FIG. 7 shows an embodiment that adaptively changes the reference level RP when the noise rises above the current reference level RP for the duration of the time period t7. Steps 700-709 and 711, as well as the apparatus and software for implementation, are the same as steps 400-409 and 711, respectively, of FIG. 4, except that the values t7, ti7, and PP7 are preferably different from the values t, ti and PP, and some of the steps are in a different order as indicated in the FIG. 7 to implement the method for adapting to a raised noise level. The speech signal is provided as an input for steps 701 and 703. Steps 706 and 707 follow a decision 704 that SP does not exceed RP& and lead to step 703. Steps 705, 708, and 709 follow a decision of step 704 that SP does exceed RP7. Decision step 709 leads to step 703 when the time period t7 has not expired and leads through step 711 to step 702 when the time period t7 has expired.
FIG. 8 shows an embodiment that adaptively changes the reference level RP when the noise rises above the current reference level RP for the duration of the time period t7 according to FIG. 7 and that adaptively changes the reference level RP when the noise falls lower the current reference level RP for the duration of the time period t according to FIG. 4. Steps 800-811, as well as the apparatus and software for implementation, are the same as steps 400-410, respectively, of FIG. 4. The steps 806A, 808A and 809A are the same as steps 706, 708 and 709 of FIG. 7 and in the order of FIG. 7.
FIG. 9 shows an embodiment that adaptively changes the reference level RP when the noise rises above the current reference level RP for the duration of the time period t7 and that adaptively changes the reference level RP when the noise falls lower the current reference level RP for the duration of the time period t according to FIG. 8. Steps 900-911, as well as the apparatus and software for implementation, are the same as steps 800-811, respectively, of FIG. 8. The step 912 is added to FIG. 9 to set t7 equal to ti7 and RP equal to RP+PP before returning to step 903, upon a decision by step 909A that t7 equals zero, that is the timer has expired; this is in contrast to FIG. 8 wherein the processing returns to step 900 after a decision by step 909A that t7 equals zero, that is the timer has expired.
 Therefore the embodiments simply and efficiently adjust the reference level RP dynamically by using the background noise when no speech has been transmitted for a period of time t involving multiple samplings and comparisons of signal power, so that noise does not affect the performance of VOX devices.
 Since VOX will not transmit the speech signal if the signal is less than a preselected level, the reference level is considered to be just above the noise. Thus, noise power (SP when there is no speech) is added to the preselected power level PP, to obtain an updated reference power RP. This dynamically, that is on a real time basis, adjusts the reference power level in dependence upon the current noise power of one sampling period, the integration period. Power over a sampling period produces a far more accurate operation than energy or amplitude at a sampling time. The use of one sampling period is less complex, more accurate and more efficient than the weighted consideration of a plurality of powers from a corresponding plurality of periods as would be the result of using a low pass filter, for example.

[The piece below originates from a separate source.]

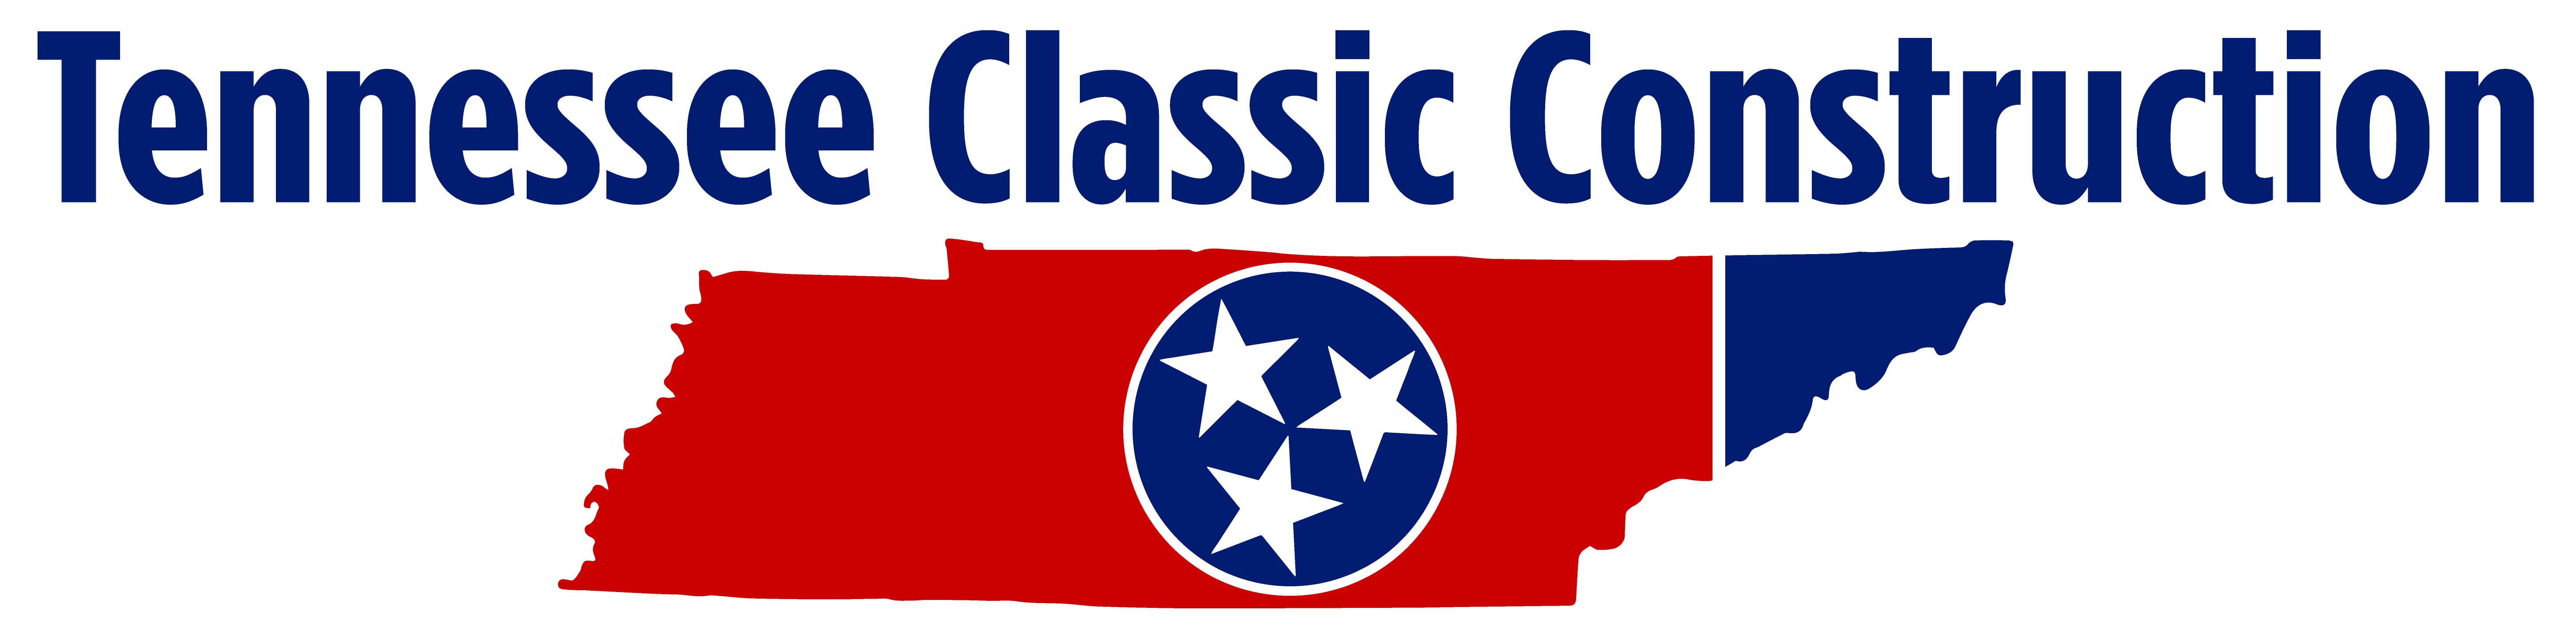 Tennessee Classic Construction Logo

 With respect to the prior art, it is believed to be impossible to accurately estimate the noise power in a real situation. At the transient, around level C in FIG. 1, noise and speech mix together and would appear to make the perfect detection of the noise impossible. In consideration of this issue, in the present embodiment, the timer 504 is used to control the switch 502 for making the decision at 409 as to whether or not the calculated power SP is noise power.
 The inventor determined that speech and noise mix together at the transient period, and the speech signal usually becomes smaller after awhile.
 To alleviate the affect of the speech portion of the speech signal 410 from speech input 507, on the estimation of noise power, the embodiment waits a short time by iterations of the loop of steps 403, 404, 409, 408, 405, 406, 403 as controlled by the timer when there is no speech portion of the speech signal. Each iteration is one frame in duration.
 The flow of FIG. 4 is applicable both to a loop processing with iterations of a frame and a recursive processing with invocations of a frame duration.
 After the timer expires, the operation exits the loop at step 409 and transfers to step 402. Step 402 determines a new reference power RP=SP+PP, which is thereby dynamically determined by including the updated speech power SP from step 401 as an accurately determined noise portion of the speech signal 410 (here estimated noise is substantially equal to the speech signal 410 because the speech signal 410 is considered to have no speech portion due to its absence for the duration of the timer count period t of the timer control 504). Dynamic updating, that is real time updating, of the reference power RP continues by iterations of the loop 402, 403, 404, 409, 402 until step 404 determines that a speech portion is present in the speech signal 410.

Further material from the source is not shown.